▶ _WHAT IS EXPECTED_:
Transcribe the listing in full, word for word; pictures do not belong in the copy.

▶ _GIVEN INFORMATION_:
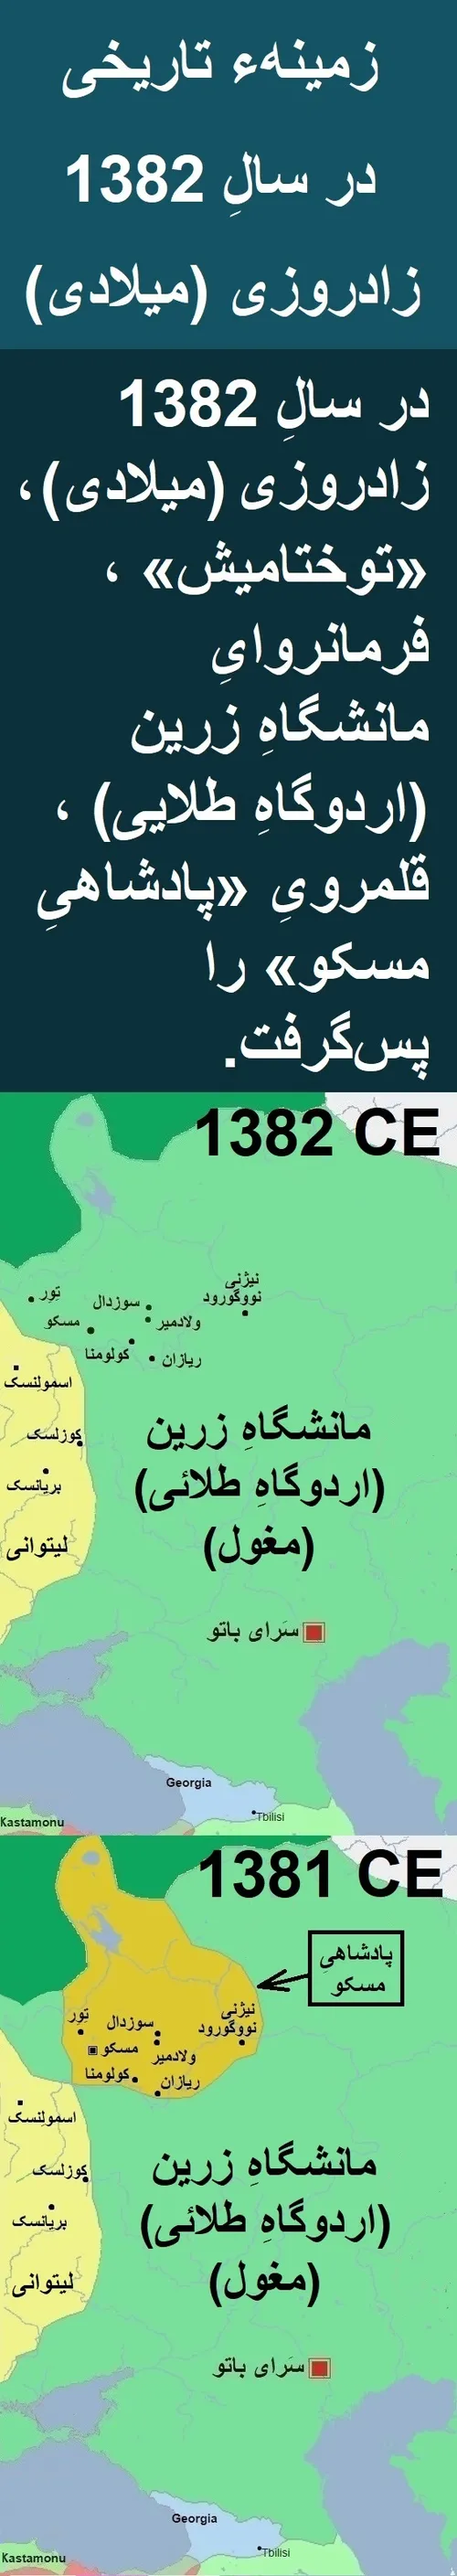 زمینهء تاریخی در سالِ 1382 زادروزی (میلادی)
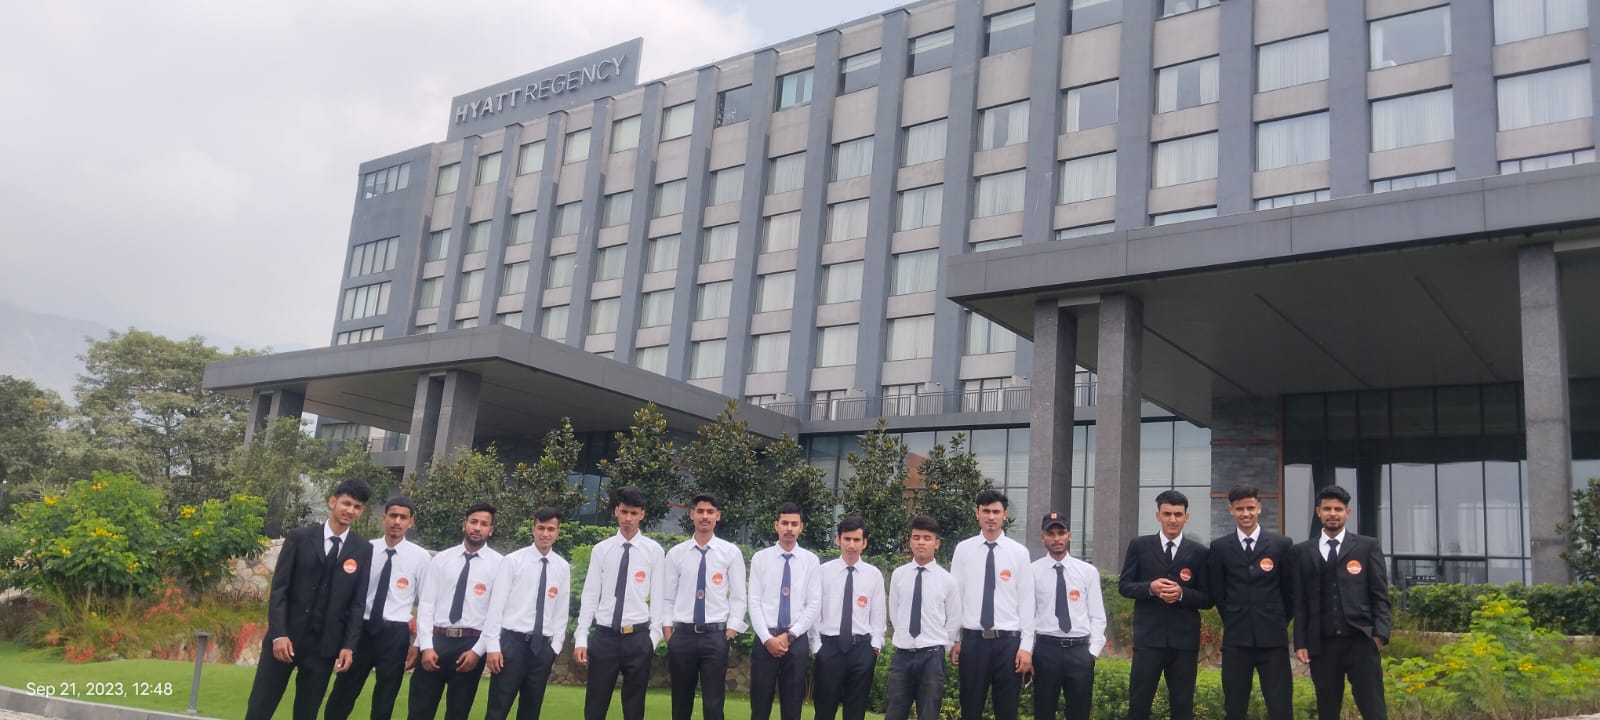 Hotel Management Courses in Dehradun
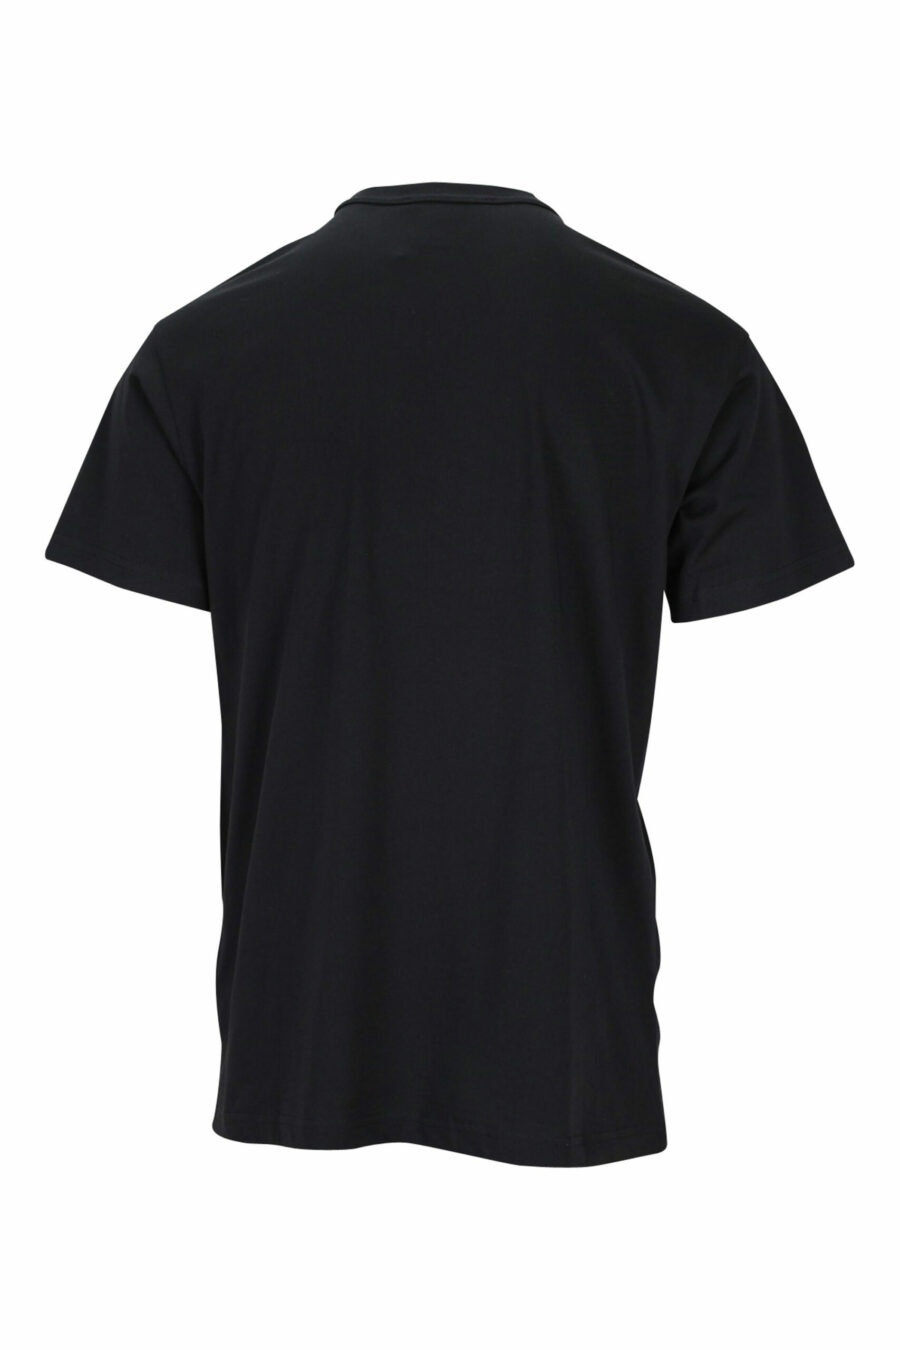 Schwarzes T-Shirt mit kontrastierendem klassischen Maxilogo - 8052019457698 1 skaliert

▶ _RESULT FOR THIS EXERCISE_:
 زمینهء تاریخی در سالِ 1382 زادروزی (میلادی)
 Hotel Management Courses in Dehradun
 Schwarzes T-Shirt mit kontrastierendem klassischen Maxilogo - 8052019457698 1 skaliert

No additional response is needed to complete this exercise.